A Short Map of Machine Learning: From Algorithms to Deep Learning
"AI," "machine learning," and "deep learning" get used as if they were synonyms. They are nested, not equal — and the story of how the inner circle (deep learning) came to dominate the outer ones is also the story of why the models in our ASR series look the way they do. Here is the short map.
Three rings
Artificial intelligence is the broad goal: machines doing things that seem to require intelligence. Machine learning is the subset that gets there by learning patterns from data rather than being programmed rule by rule.
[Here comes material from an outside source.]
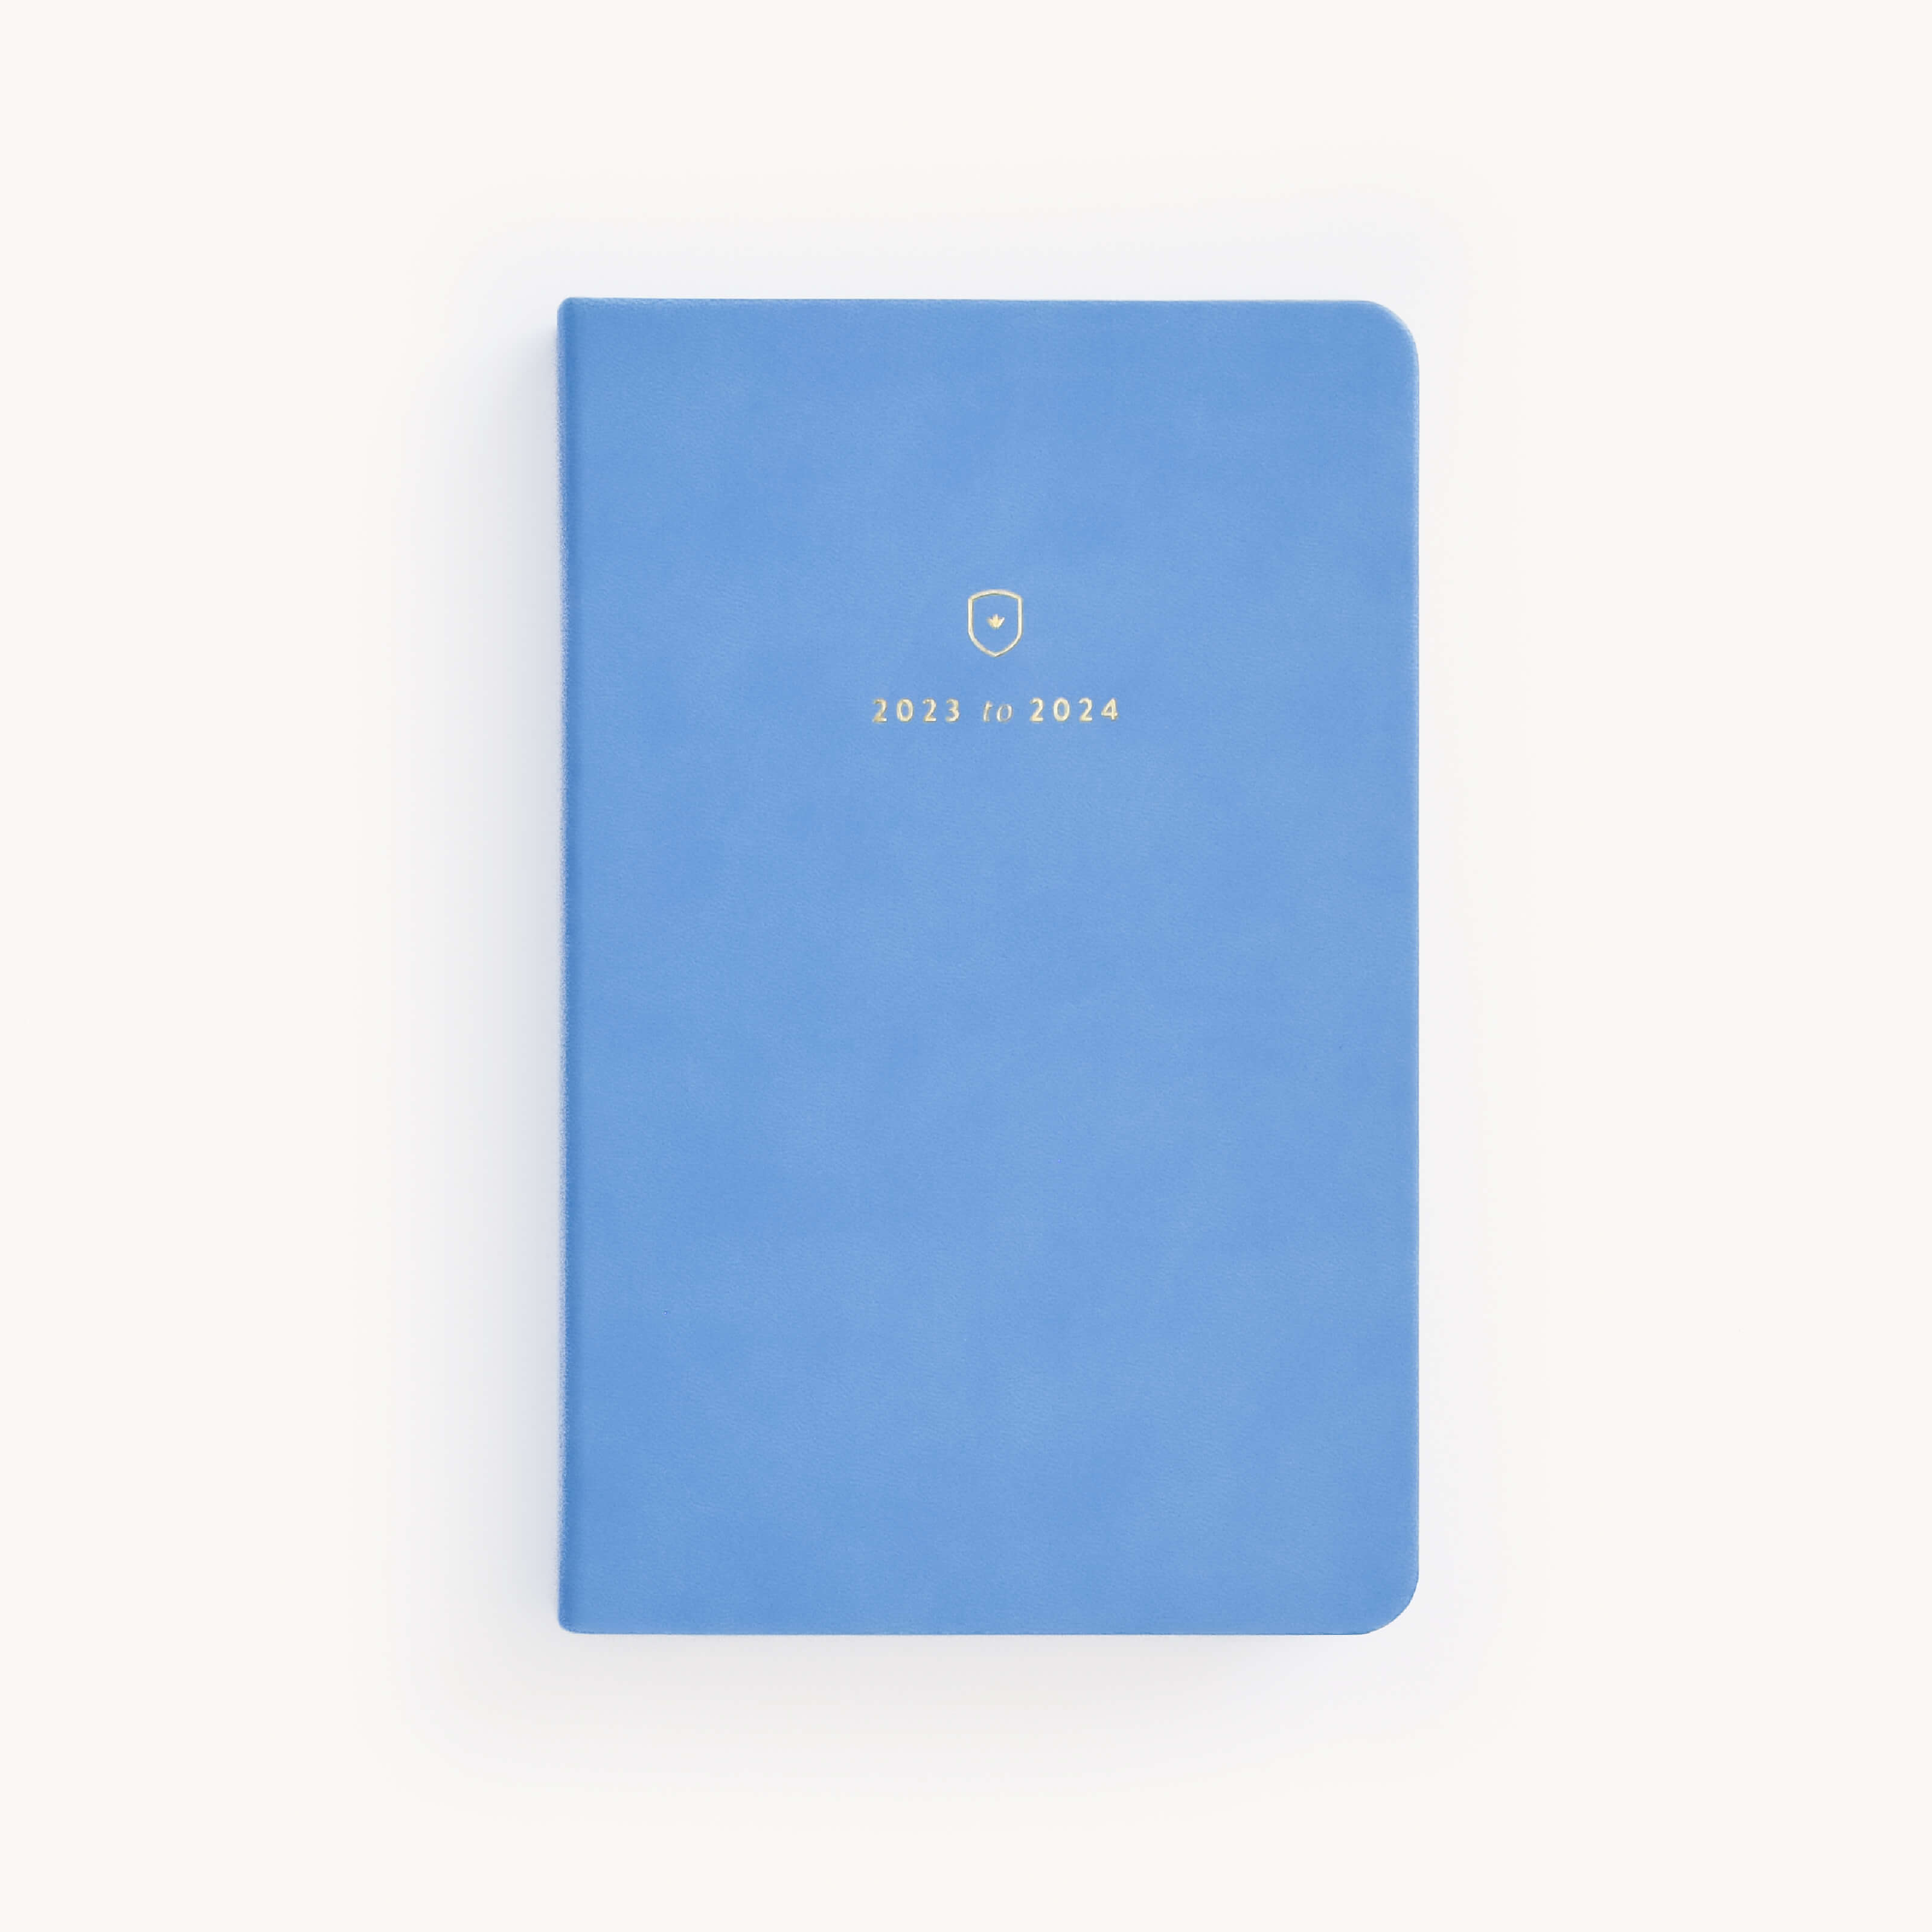 Powder Blue Pantone Themed Notebook 365 Pages Daily Planner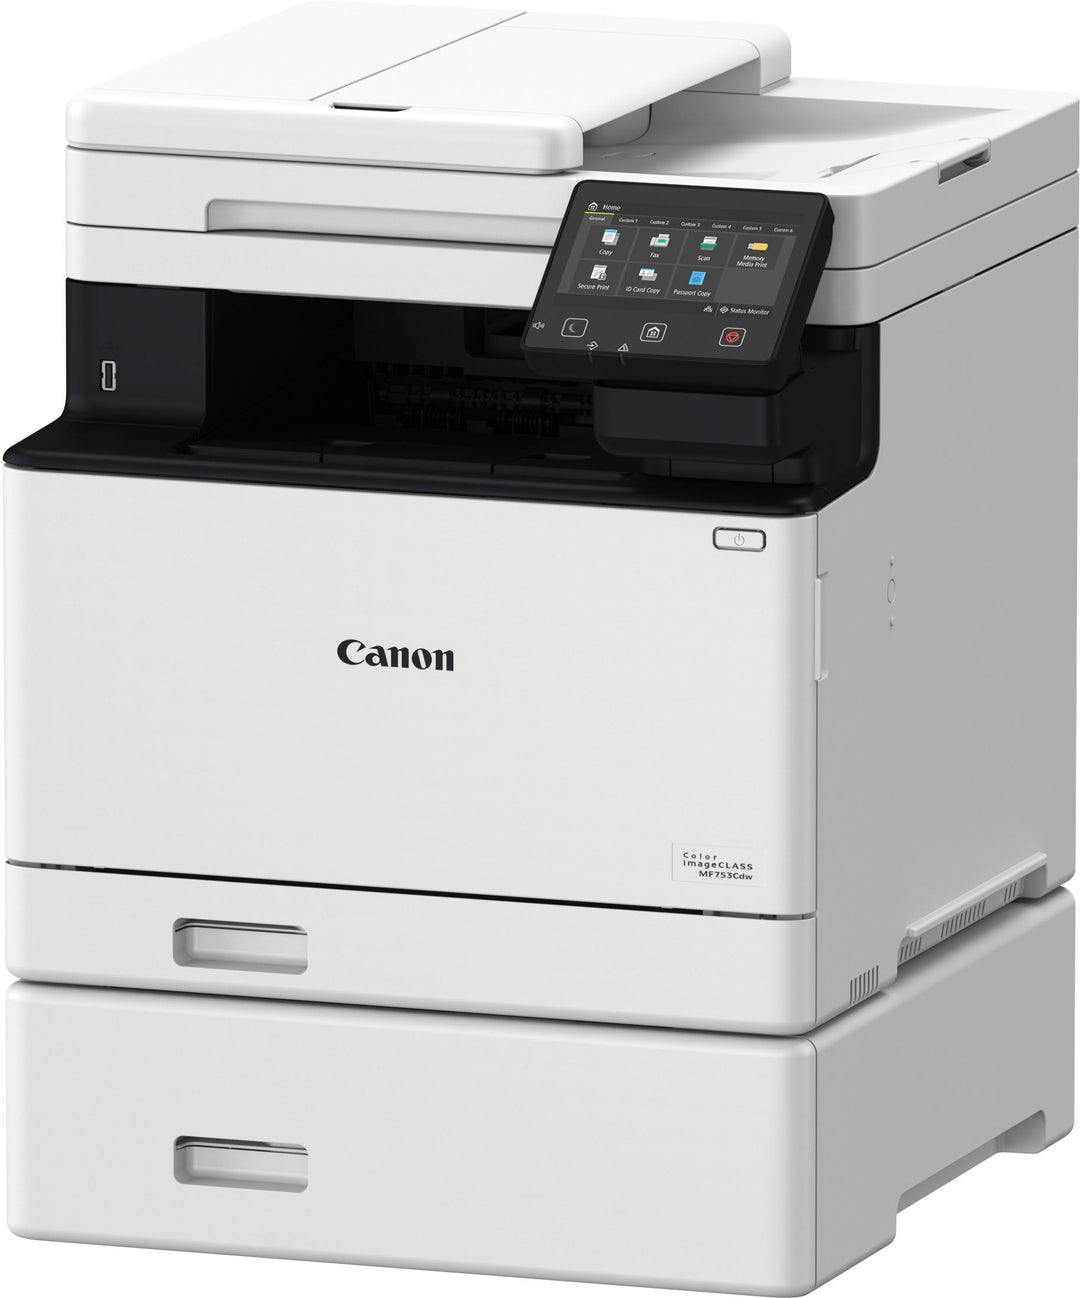 Canon - imageCLASS MF753Cdw Wireless Color All-In-One Laser Printer with Fax - White_5

Deep learning is a subset of that again — machine learning with deep neural networks. Each ring sits inside the last; most of what people now call "AI" is, specifically, the innermost ring.
The classical toolbox
Before deep learning took over, machine learning was a kit of distinct algorithms, sorted by what they need:
Supervised methods learn from labelled examples. Regression predicts numbers (linear regression for house prices) or classes (logistic regression for "spam or not"). Support vector machines draw the cleanest possible boundary between classes, and with the "kernel trick" can bend that boundary into complex shapes. Neural networks round out the supervised set. Unsupervised methods work without labels: clustering (K-means) groups similar points; dimensionality reduction (PCA) squeezes many features into a few while keeping most of the information. There are in-between cases too — recommendation systems and collaborative filtering being the famous one.
What a neural network actually is
The idea is older than the hype and simpler than it sounds. A neuron takes several inputs, multiplies each by a weight, adds a bias, sums them, and passes the result through a non-linear "activation" function. That's it. Wire many neurons together — each one's output feeding the next layer — and you have a network. Make it deep (two hidden layers at a minimum, often hundreds) and, trained by gradient descent, it can learn astonishingly intricate functions. The neurons stay trivial; the power is in their number and their connections.
The twist: neural nets lost, then won
Here is the part that rhymes with every other evolution story on this blog. Neural networks were the exciting idea of the 1980s — backpropagation, Geoffrey Hinton, early speech and vision wins — then they faded. Through the 1990s and 2000s, support vector machines largely displaced them: better theory, cleaner math, strong results without needing mountains of data or compute. Then, around 2012, the balance tipped back. Enough data and enough GPU power finally let deep networks outperform everything else, and "deep learning" became the name of the comeback. The algorithm was not new; the conditions were.
Why the map still matters
That resurgence is the hinge the rest of the story turns on. The deep networks that won in 2012 are the direct ancestors of the Transformers behind modern speech recognition, and the same forces — more data, more compute, better training — are what eventually shrank those models enough to run on your own machine. Knowing where deep learning sits on the map is knowing why the last fifteen years of AI went the way they did.
Written originally as part of a 2017 machine-learning primer, when the deep-learning resurgence was still fresh. Part of our ML foundations notes.